Halfway down the long corridor, she heard the echo of solitary footsteps coming up the stairs at the far end. Diana was immensely relieved when Gary Ladd, one of the teaching assistants, materialized out of the stairwell. He turned immediately and started toward his office in the T. A. bullpen at the far end of an adjacent wing.

“Mr. Ladd,” Diana called. “Yoo-hoo.”

He stopped, turned, and came back toward her, his head cocked questioningly to one side. “What are you doing here?” he asked. “I thought everybody went home.”

Garrison Walther Ladd, III, was by far the best-looking male teaching assistant in the English Department’s stable. With aquiline, tanned good looks and lank blond hair, he wore expensive but rumpled clothing with offhand, upper-class ease. Garrison Ladd knew he was hot stuff. Breathless coeds who came within his sphere of influence found him irresistible. They tended to hie themselves off in search of obliging physicians willing to issue prescriptions for birth-control pills.

This was Diana’s second year as an undergraduate student assistant in the English Department at the U. of O. During that time she, too, had admired Gary Ladd, but only from afar. For one thing, she had convinced herself that someone from Joseph, Oregon, could never be in Gary Ladd’s league. For another, he was a graduate student while she was only a lowly sophomore.

He looked at her now with his tanned brow furrowed into a puzzled frown. “Why didn’t you go home when everybody else did?”

“I’m working,” she said. “At least I’m trying to work. I’ve got this whole stack of papers to deliver, but the door to the office is locked. Do you have a key? Where’d everybody go?”

Gary Ladd reached into a jacket pocket, extracted a key ring, then took two steps down the hallway before stopping and turning on Diana. “Nobody told you, did they?”

“Told me what?” she returned. “I’ve been in the ditto room. When I came out, everything was closed up. Even the classrooms are empty. What’s going on?”

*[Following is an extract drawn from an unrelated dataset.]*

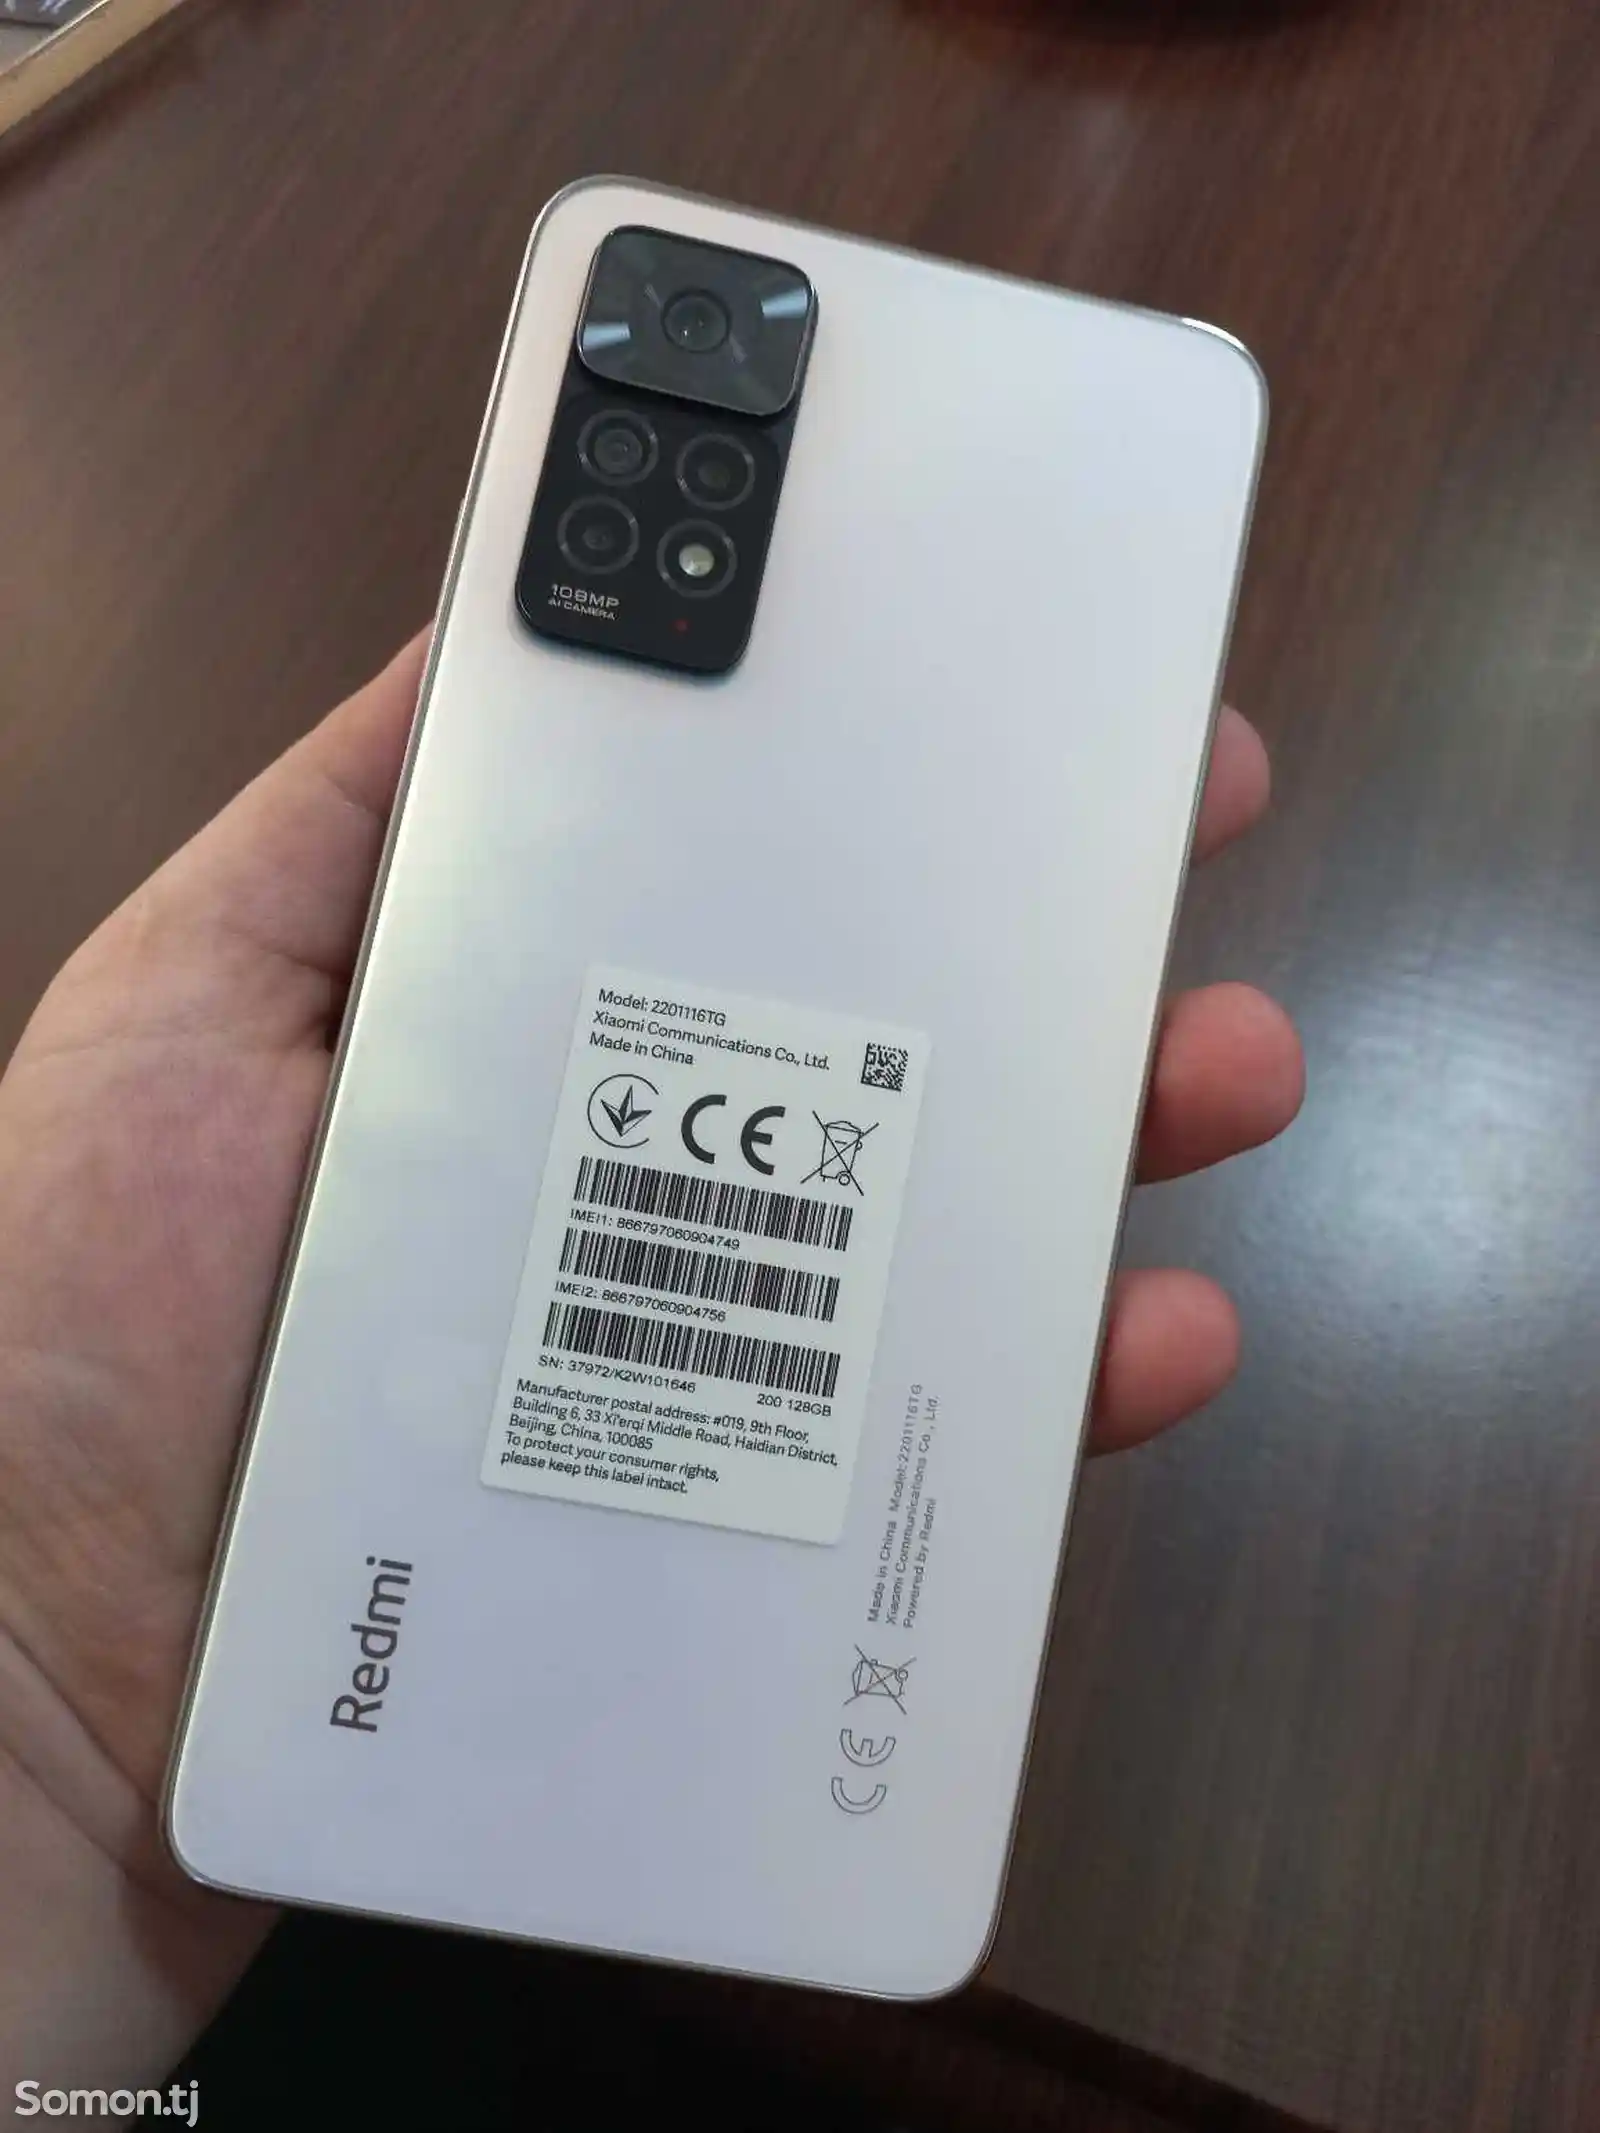 Xiaomi Redmi Note 11 Pro-2
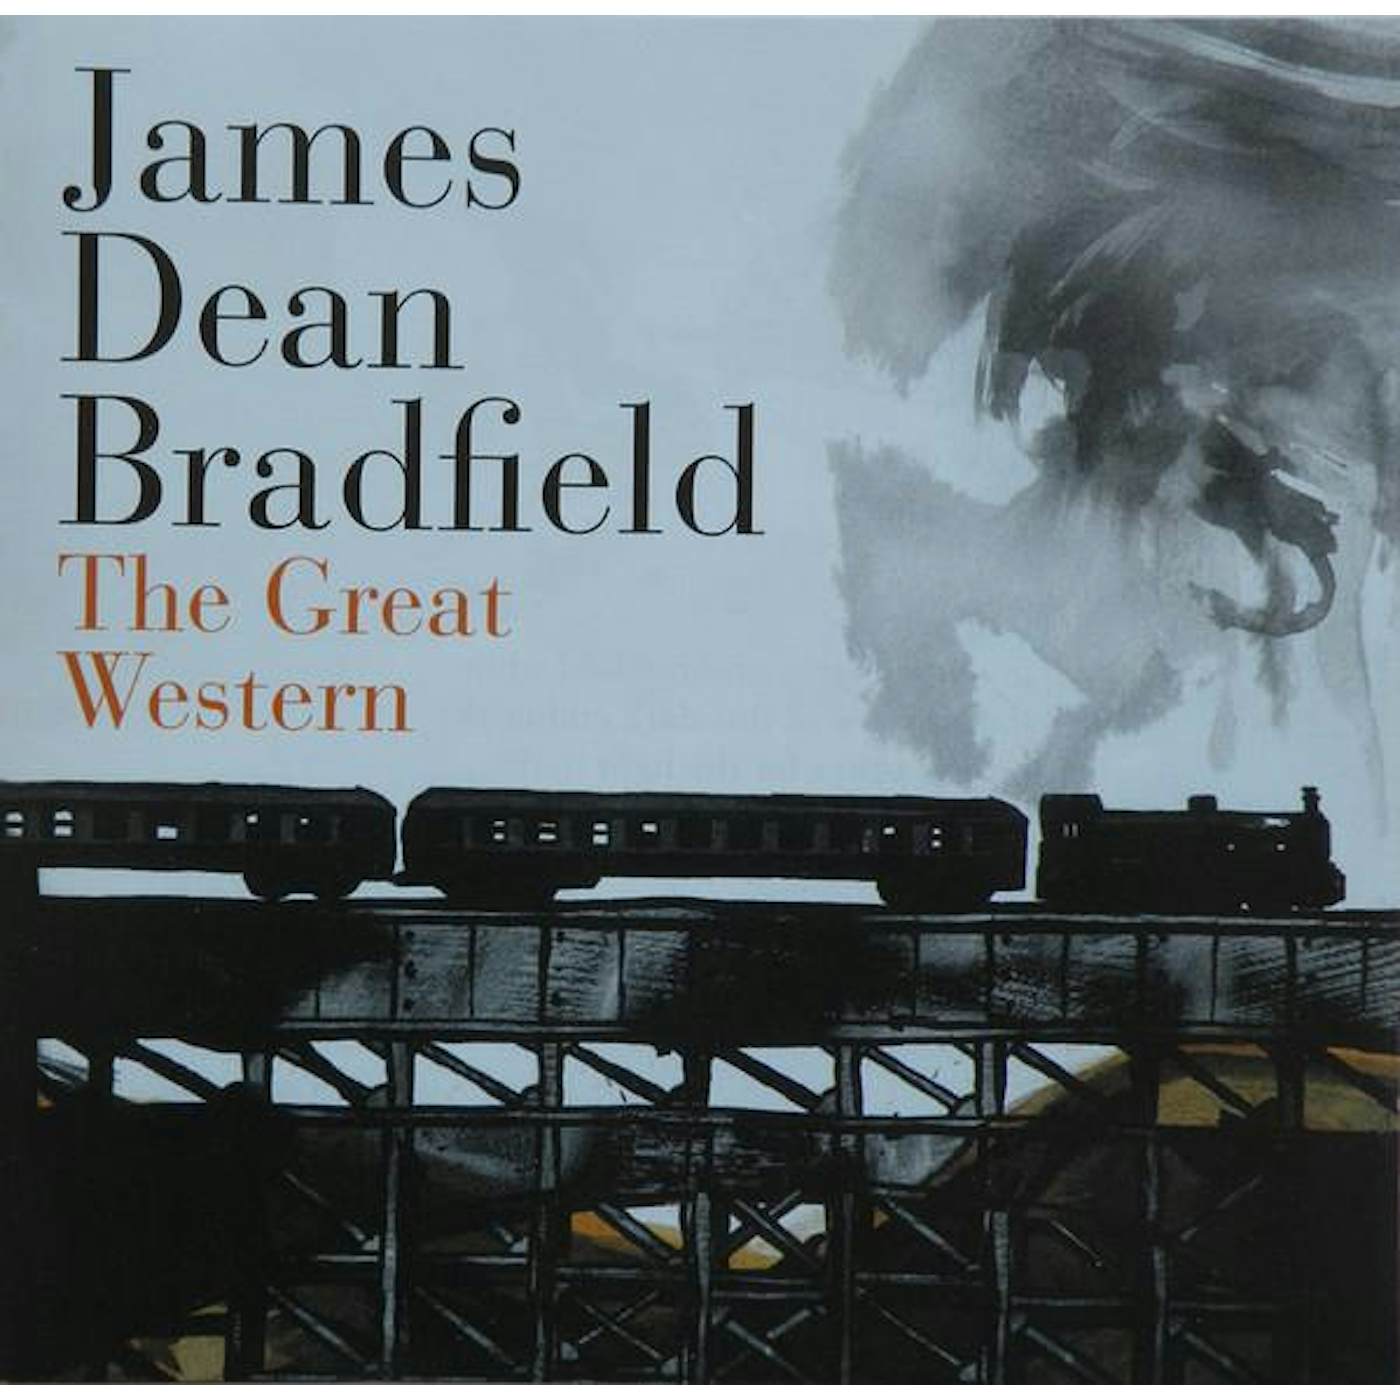 James Dean Bradfield GREAT WESTERN (24BIT REMASTER) CD

“Somebody shot President Kennedy.”

“No!”

The very idea was incredible, unthinkable. Assassinations happened in other parts of the world-wild, terrible, jungle-filled places like South America or Africa-but not here in the good old U.S. of A. “Where?” she managed to stammer. “When?”

“This morning. In Dallas. They already caught the guy who did it.”

“Is he all right?”

Garrison Ladd looked mystified. “He’s fine. They’ve got him in jail.”

“No, not him. I mean President Kennedy. Is he all right?”

Gary Ladd shook his head, while his gray-blue eyes darkened in sympathy. “He’s dead, Diana. President Kennedy is dead. They just swore in LBJ on the plane headed back to Washington. Come on. Let’s go drop off your papers. They must be heavy.”

An Indian Health Services nurse hovered over Rita’s bed-bound form, but the old woman’s mind was far away in another time and place.

Dancing Quail hid behind her mother’s full skirts as the horse-drawn wagon pulled up beside the low-slung adobe house. It was the end of Shopol Eshabig Mashad, the short planting month. For days the children of Ban Thak had worried that soon Big Eddie Lopez, the tribal policeman, would come to take many of them away to boarding school.

Seven-year-old Dancing Quail didn’t want to leave home. She didn’t want to go to school. Some of the other children had told her about it, about how they weren’t allowed to speak to their friends in their own language, about how they had to dress up in stiff, uncomfortable clothing.